Beatty Mel said restoring windows makes sense from a sustainability standpoint as well. “You’re extending the useful life of a material,” she said, instead of tossing it in a landfill. “They were custom made to go with your house from the beginning, so aesthetically and architecturally they’ll match your house.”
Still, not every home’s original windows are a prize to be restored; they haven’t “made ’em like they used to” since about the 1970s, when softer farmed wood began to replace old-growth timber in windows. “If you have a historic home, like a Victorian for example, you may want to go down the refurbishing route,” said Chris Chu, a West Newton architect and the Globe’s Ask the Architect writer. “If you have a standard-issue 1940s or 1950s Colonial or ranch, maybe replacement windows will suffice.”

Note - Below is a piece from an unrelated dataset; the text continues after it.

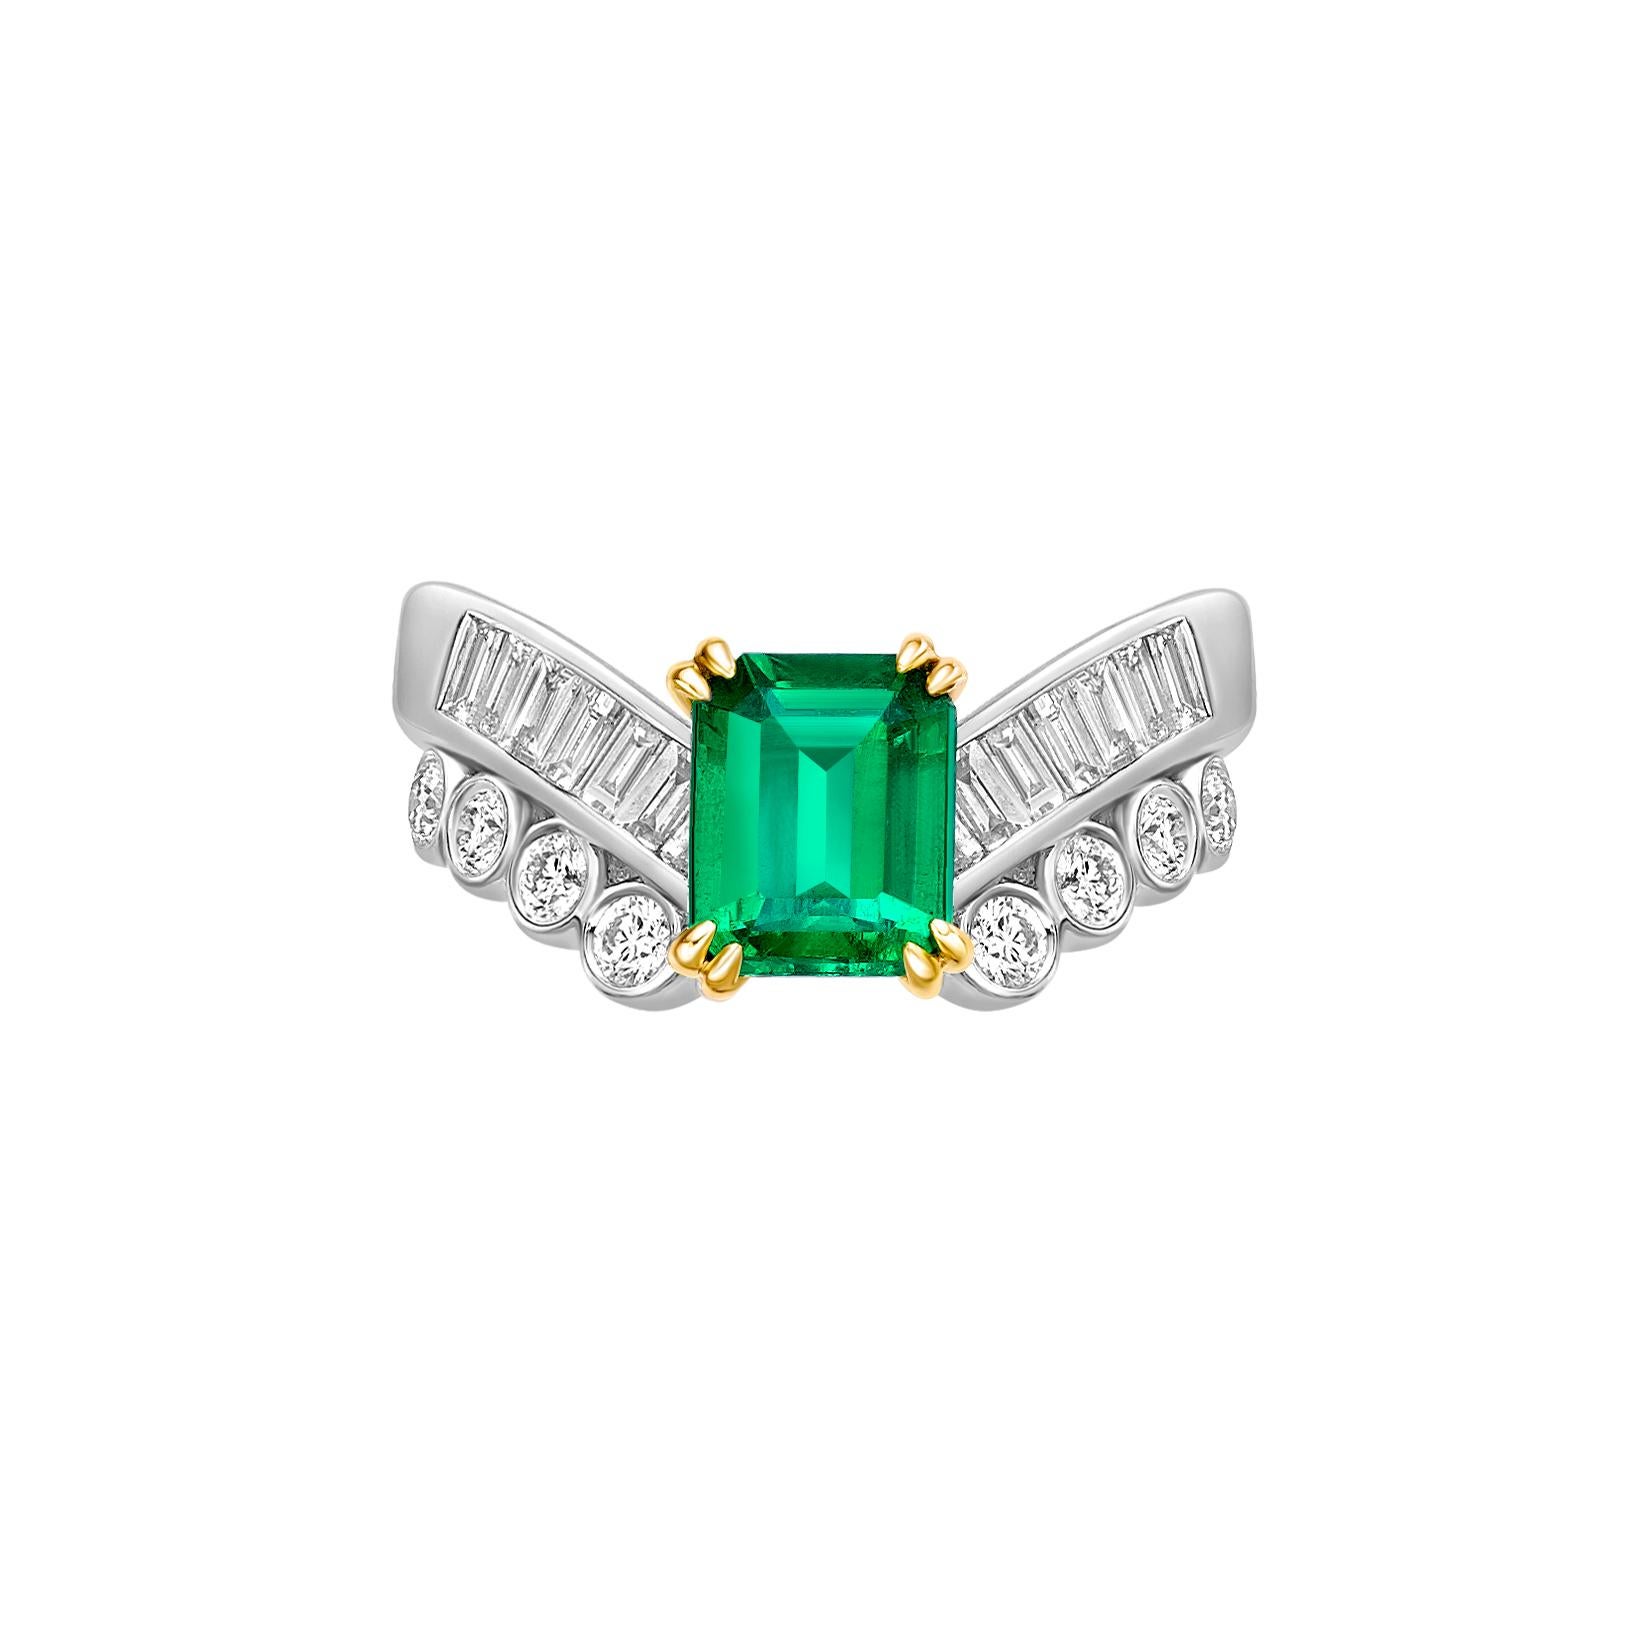 Contemporary 1.15 Carat Emerald Fancy Ring in 18Karat White Yellow Gold with White Diamond. For Sale

Late 20th-century houses are good candidates for window replacement, said Stephanie Vanderbilt, owner of Coastal Windows & Exteriors. “Around 75 percent of our work is on post-1960 homes,” she said. And even Liberty conceded that vinyl replacement windows make sense in basements and bathrooms. “No wood window will stand up to that kind of constant moisture,” he said.
What to look for
If you decide to replace your windows, you’ll have a lot of choices to make: double-hung or casement; vinyl, wood, or other materials; and myriad manufacturers and installers, not to mention design details.
Castrataro recommended seeing the windows in person before buying them. “People usually look through a window rather than at it,” she said. “However, without really looking at the construction or physical appearance of a window, you might find you’ve chosen one that uses an inferior-quality vinyl, has a bulky frame, messy welds, doesn’t open and close easily and securely, or has unsightly hardware — things that are difficult to see on a brochure or website.”
Ingram says finding a company that stands behind its products is the most important consideration when window shopping. “You can buy the most efficient window in the world, and if they don’t install it correctly, you may as well just keep what you have,” he said, adding that consumers should check the fine print of the warranty. “The more fine print, the worse it is.”
If you choose wood windows, remember that most modern wood is farmed quickly and isn’t as rot-resistant as the old-growth wood used a century ago. That means you might want some type of cladding, either an aluminum or vinyl covering, to protect the exterior wood from the elements if you’re not keen on painting it every few years.
For consumers comparing energy-efficiency labels on replacement windows, low U-factor and air-infiltration scores are of particular importance in the cold Northeast, where winter heat loss is a bigger issue than keeping out the heat in summer. “The lower the U-factor, the better the insulating power,” Castrataro said.
When choosing your windows and an installer, Ingram said, don’t risk harming your home’s value by cutting corners. “If you’re looking at anyone selling for less than $600 a window, it’s typically not something you want in your home,” he said.
Meanwhile good-quality new windows can boost a home’s resale value — and, Vanderbilt said, they can improve your quality of life, too.
And that’s true. Our freight train of a house is, without a doubt, far quieter and more comfortable since we replaced the windows. I just don’t know whether I’m comfortable with the idea that we chucked all those old, irreplaceable windows into a dumpster — without at least considering the alternative.